Although Egerton is working from an essentialist notion of woman, and man for that

matter, she leaves her construction of woman decidedly incomplete. For, if Egerton was

writing "as she knew herself to be," she acknowledges that she writes woman from her

own specific viewpoint and not from some totalizing universal distance ("A Keynote to

Keyineie" 58). Hers is only one vision of woman's possibilities, of what could be found

in the terra incognita, and even that vision is made multiple through her many different

yet similar women. In each story, Egerton's keenly sensitive and intelligent late-

Victorian upper-class woman reappears with certain important variations that mark the

development of the theme. As critics of Egerton's own time noted, the author "chiefly

aims at painting the kaleidoscopic nature of women. The lawless, unconventional,

passionate type is repeated several times, under different guises" (Rev. of Keynotes in

The Bookman 87). Laura Marholm Hansson also comments on this repetition of

Egerton's central subject in both collections: "A little woman in every imaginable mood,

who is placed in all kinds of likely and unlikely circumstances: in every story it is the

same little woman with a difference" (65). Although she is repeated in every story,

Egerton's woman is always repeated with a difference. That simultaneous similarity and

difference allows Egerton to depict the development of a mixed feminine subjectivity

through the multiple women of each volumes' stories. Hence while the books may be

collections of short stories, the stories themselves have a relationship as a larger whole.
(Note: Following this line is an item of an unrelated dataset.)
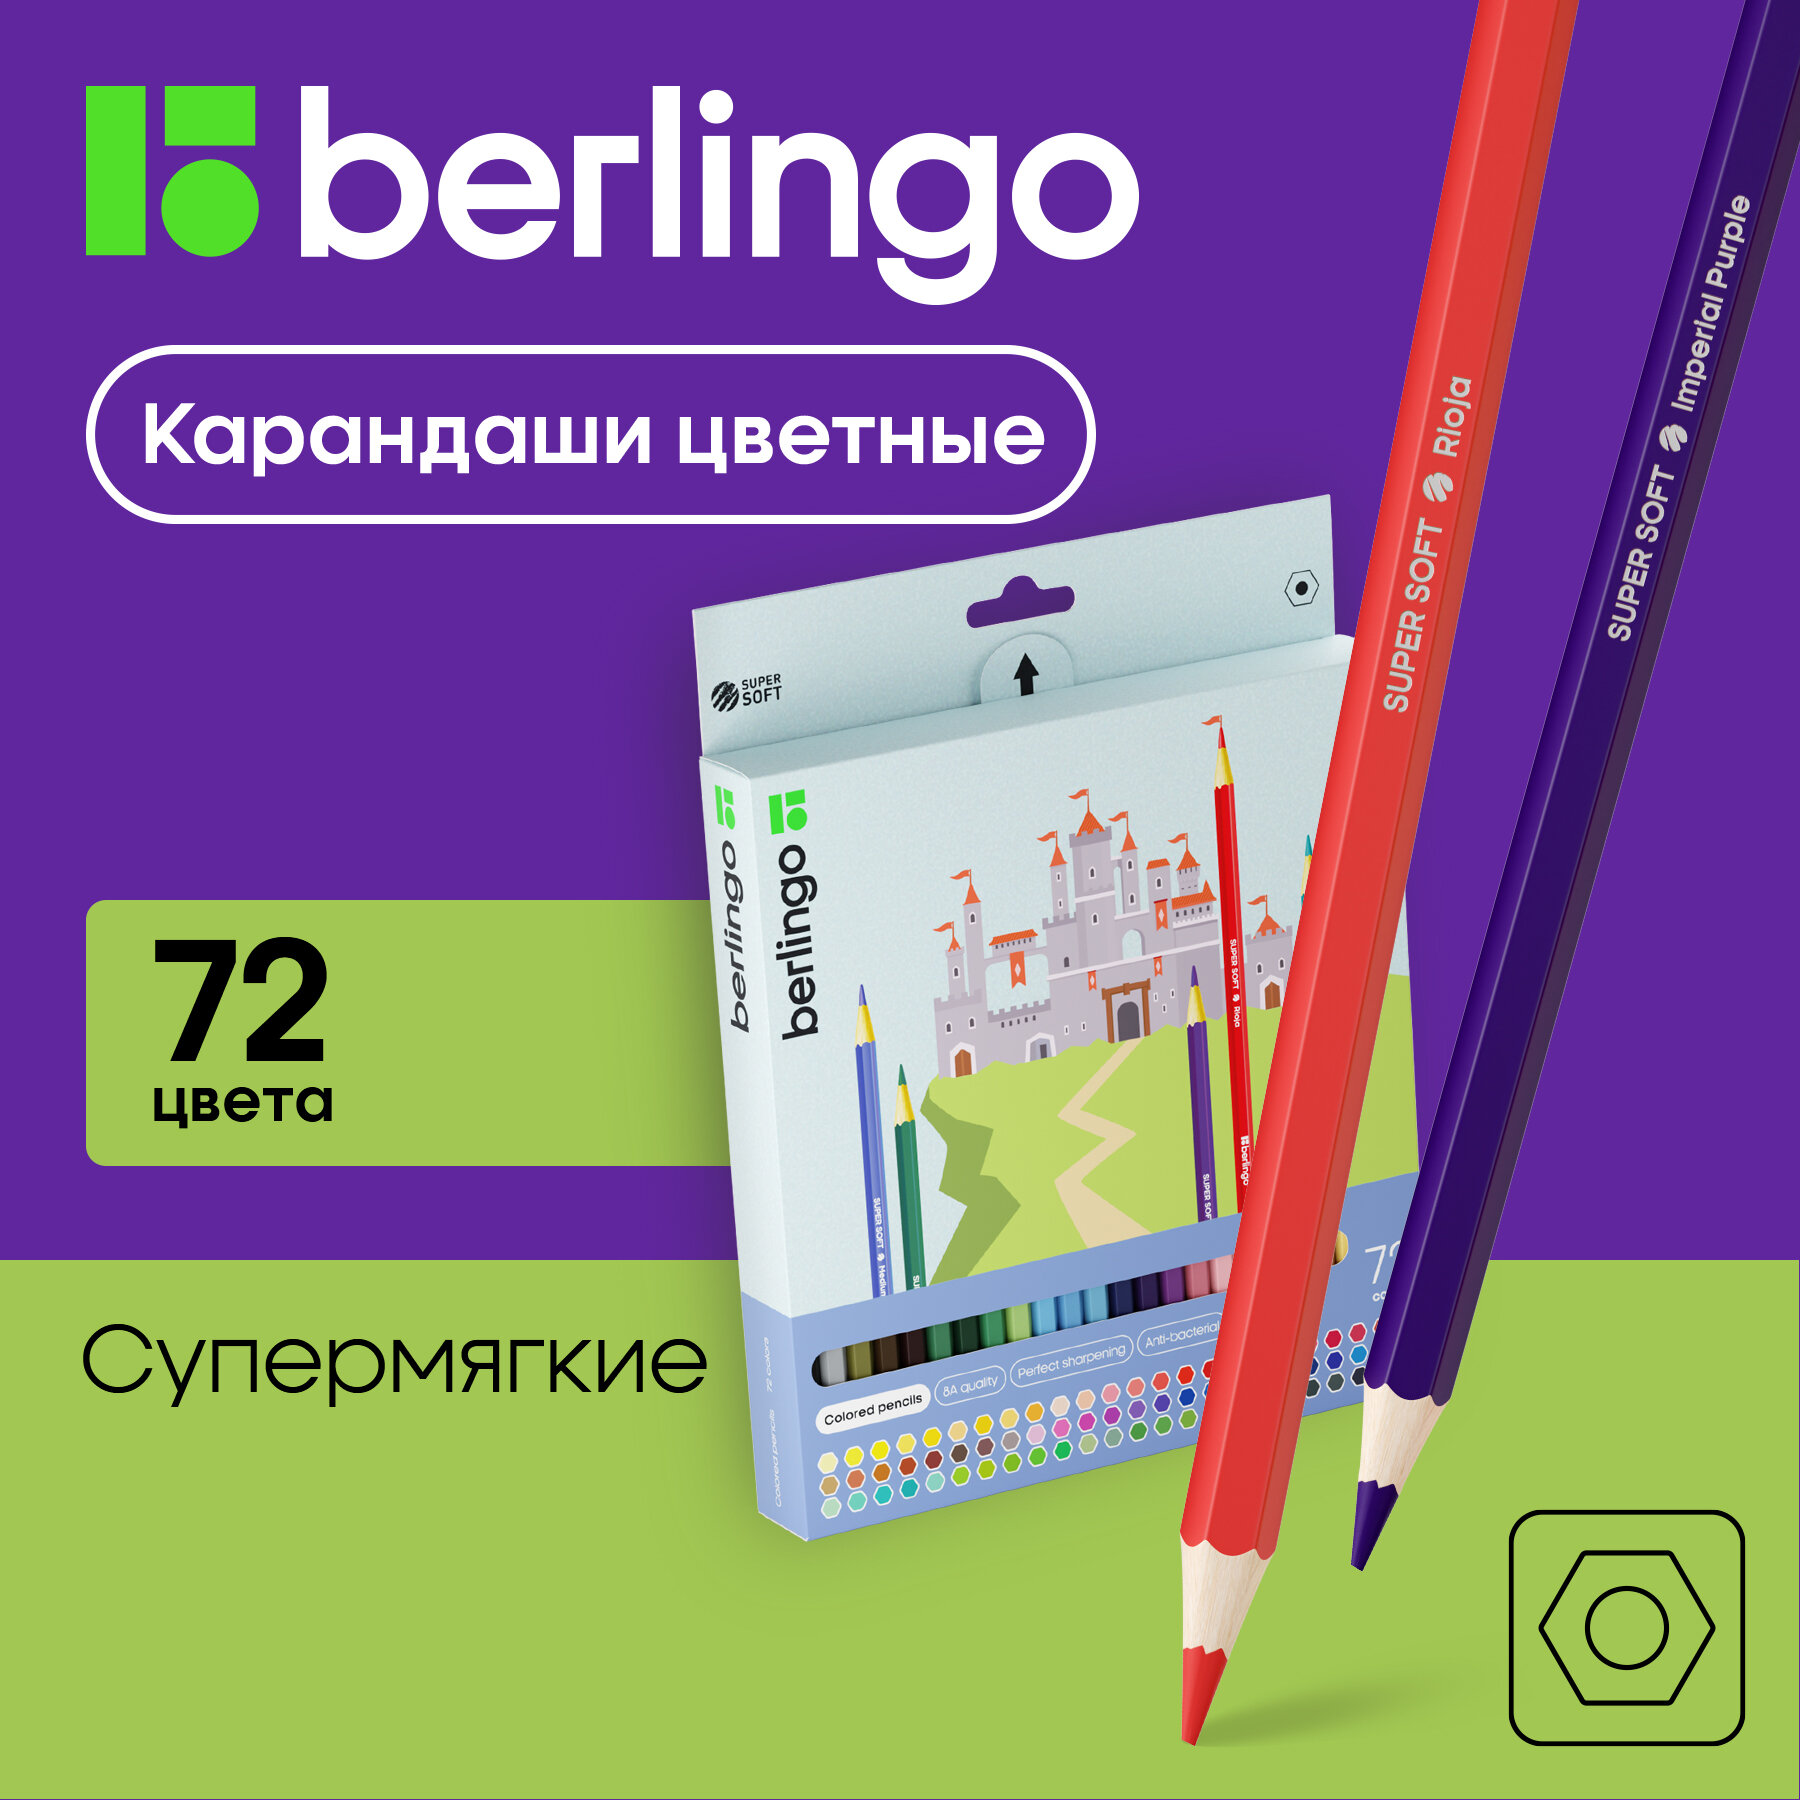 Цветные карандаши для школы 72 цвета, шестигранные / Набор цветных карандашей для рисования школьный Berlingo "SuperSoft. Замки"

They connect with one another through the periodic repetition of various motifs, such as

Norwegian setting, hypersensitive female protagonist, and women's wildness; however,

each individual story has its own particular note to add to the chord of women's

subjectivity. Both volumes include the repetition of these motifs within their stories, but









the books differ in their overall tones. The stories of Keynotes largely concentrate on the

moments when women set the tone for their lives, whereas the stories of Discords mostly

concern themselves with moments when women are in fundamental conflict with their

feminine role in Victorian society. Egerton links Keynotes and Discords together so that

the two volumes themselves act as movements in a larger symphony, but retain their

distinctness within that symphony.

This patchwork identity is the work both within and between Egerton's first two

books, Keynotes and Discords. The first story ofKeynotes, "A Cross Line," and the last

story of Discords, "The Regeneration of Two," occupy important positions in Egerton's

project of moving her white, English, upper-class, Victorian woman toward a sense of

self that would enable her to be more than Victorian femininity allows. Although

Egerton did not intend for "A Cross Line" to be at the beginning of Keynotes, the story's

scandalous subject of an extra-martial affair made her publisher and readers alike focus

on the story as the keynote of the book. Egerton herself had positioned the story last in

the table of contents that accompanied the book's manuscript, but publisher John Lane

decided that it ought to be first. Thus while Egerton envisioned "A Cross Line" as the

culmination of Keynotes, her readers read the story as its beginning. However in either

position, the story occupies an important place in the collection and works to represent

what Egerton is doing in Keynotes as a whole. These "key" stories in both of the books

function as overture and finale respectively and, as such, "A Cross Line" and "The

Regeneration of Two" provide a framework for understanding the variations presented in

each of the other stories as Egerton moves her women away from a unitary sense of self

toward a more indeterminate and temporary self. The two stories form a double gesture









with "A Cross Line" recuperating women's awareness of their subversive potential

within Victorian feminine identity and "The Regeneration of Two" exploring how far that

potential may be realized within Victorian culture.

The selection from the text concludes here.